Dicky-Duck was sitting cross-legged on the floor, stroking Mister Dillon's head. D was asleep with his muzzle on his paws. For the barracks mascot, the excitement was definitely over. 'I'm all right with that as long as the needle on the old Geiger doesn't move out of the green,' Dicky-Duck said. 'If it does, I vote we call the feds.'
'Do you think they can take care of it any better than we can?' Curt asked hotly. 'Jesus Christ, Dicky! The Feebs can't get out of their own way, and - '
'Unless you have plans to lead-line Shed B out of the contingency fund - ' someone else began.

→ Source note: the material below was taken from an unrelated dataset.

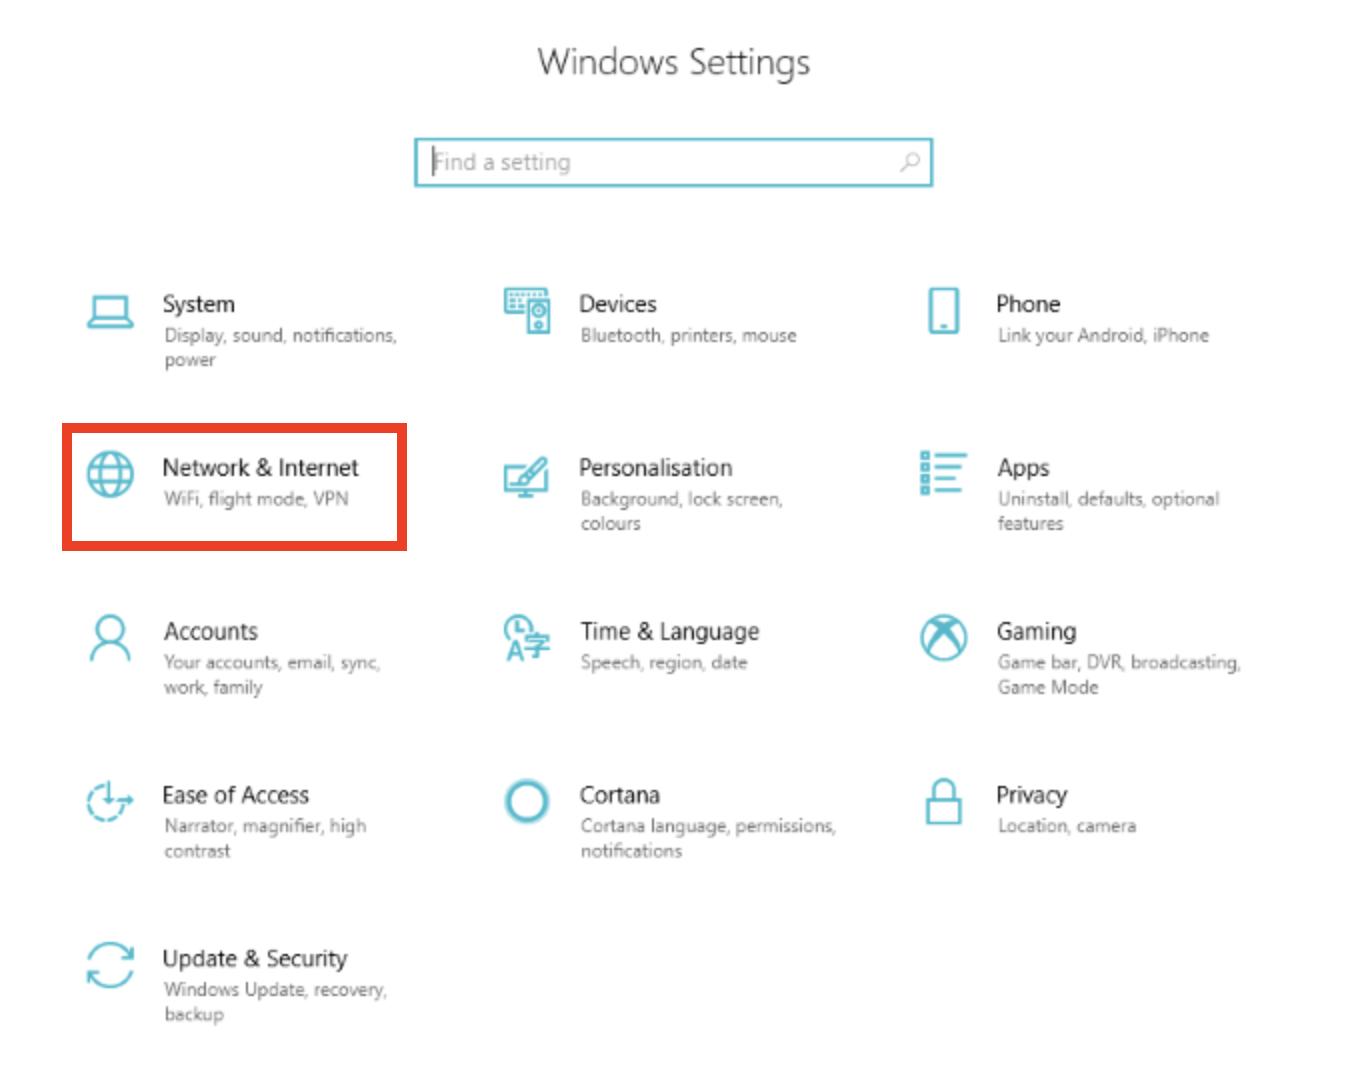 Solusi TERBAIK untuk memperbaiki Windows 10 terjebak dalam kesalahan Mode Pesawat

'That's a pretty stupid - ' Curt began, and then Tony put a hand on his shoulder, stilling the kid before he could go any farther and maybe hurt himself.
'If it's hot,' Tony promised them, 'we'll get rid of it. That's a promise.'
Curt gave him a betrayed look. Tony stared back calmly. We know it's not radioactive, that gaze said, the film proves it, so why do you want to start chasing your own tail?
'I sort of think we ought to turn it over to the government anyway,' Buck said. 'They might be able to help us . . . you know . . . or find stuff out . . . defense stuff . . .' His voice getting smaller and smaller as he sensed the silent disapproval all around him. PSP officers worked with the federal government in one form or another every day - FBI, IRS, DEA, OSHA, and, most of all, the Interstate Commerce Commission. It didn't take many years on the job to learn most of those federal boys were not smarter than the average bear. Sandy's opinion was that when the feds did show the occasional flash of intelligence, it tended to be self-serving and sometimes downright malicious. Mostly they were slaves to the grind, worshippers at the altar of Routine Procedure. Before joining the PSP, Sandy had seen the same sort of dull go-through-the-proper-channels thinking in the Army. Also, he wasn't much older than Curds himself, which made him young enough to hate the idea of giving the Roadmaster up. Better to hand it over to scientists in the private sector, though, if it came to that - perhaps even a bunch from the college advertised on the front of Curtis's lawn-mowing shirt.
But best of all, the Troop. The gray family.